Metabolizer phenotype frequencies and non-CYP gene allele frequencies were determined for this cohort, and our findings mirror those that have been estimated by others in the field.7 Applying the IDgenetix guided PharmD recommendations across this population would result in the elimination and/or replacement of one to three drugs in about 50% of the polypharmacy patient population tested.

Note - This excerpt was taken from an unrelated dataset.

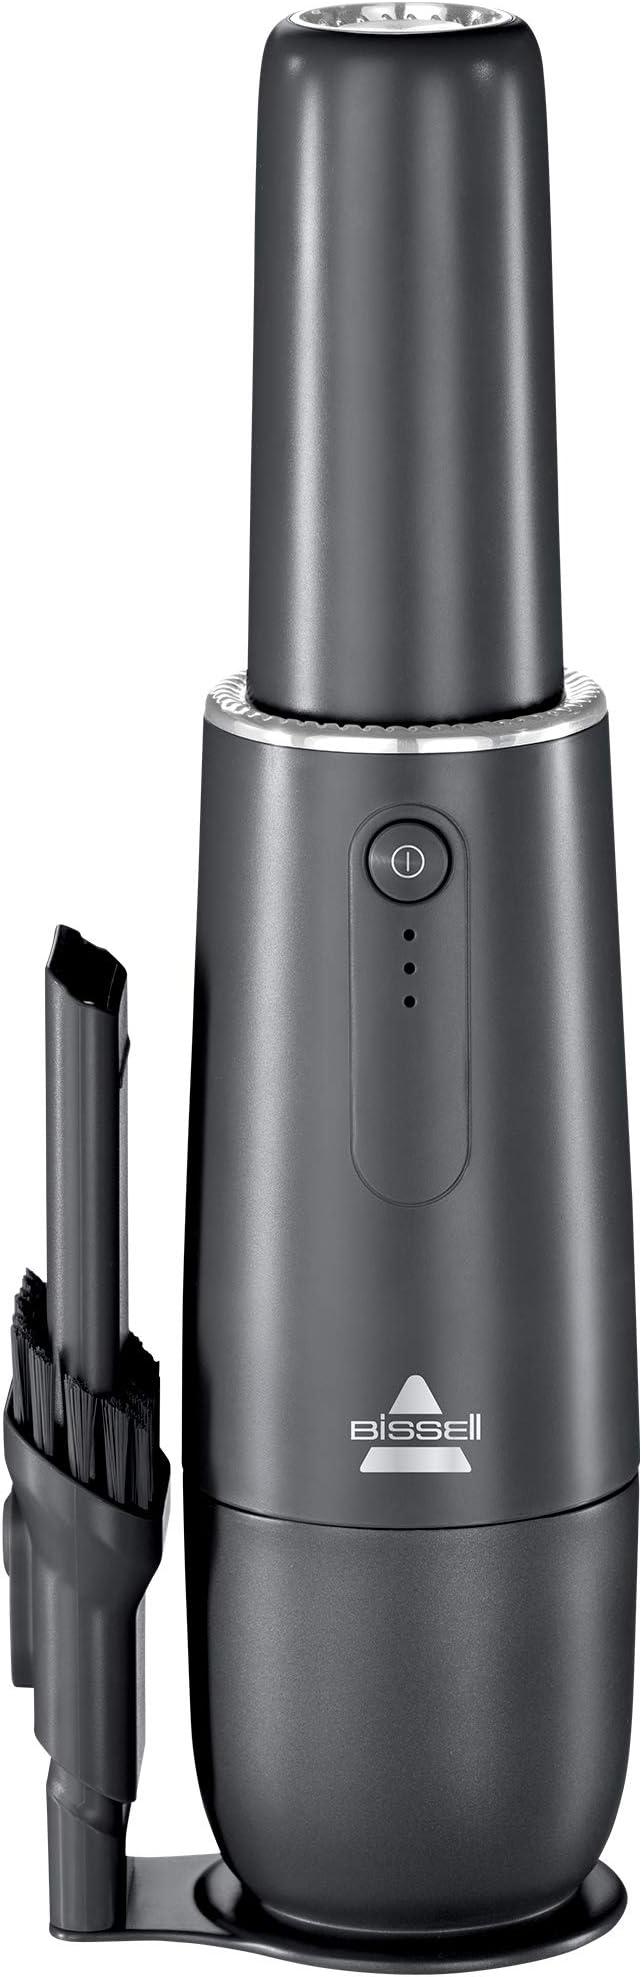 BISSELL AeroSlim Cordless Handheld Vacuum

Recommendations were primarily based on gene-drug interactions, with 27.6% comprised of CYP-related gene results (drug metabolism or PK), and 25.0% consisting of non-CYP genetic findings (drug mode of action or PD). Drug-drug interactions accounted for 22.4% of the findings (Figure 1). Among the drug-drug interactions, IDgenetix provided additional data to evaluate the risk of such interactions. For example, clopidogrel’s FDA drug label warns against co-administration with omeprazole because of its capacity to competitively inhibit conversion of clopidogrel to its active thiol metabolite by CYP2C19. This precaution takes on greater significance for CYP2C19 intermediate metabolizers who are more susceptible to this inhibition interaction as a consequence of both lower intrinsic metabolic activity and the resulting greater exposure to omeprazole.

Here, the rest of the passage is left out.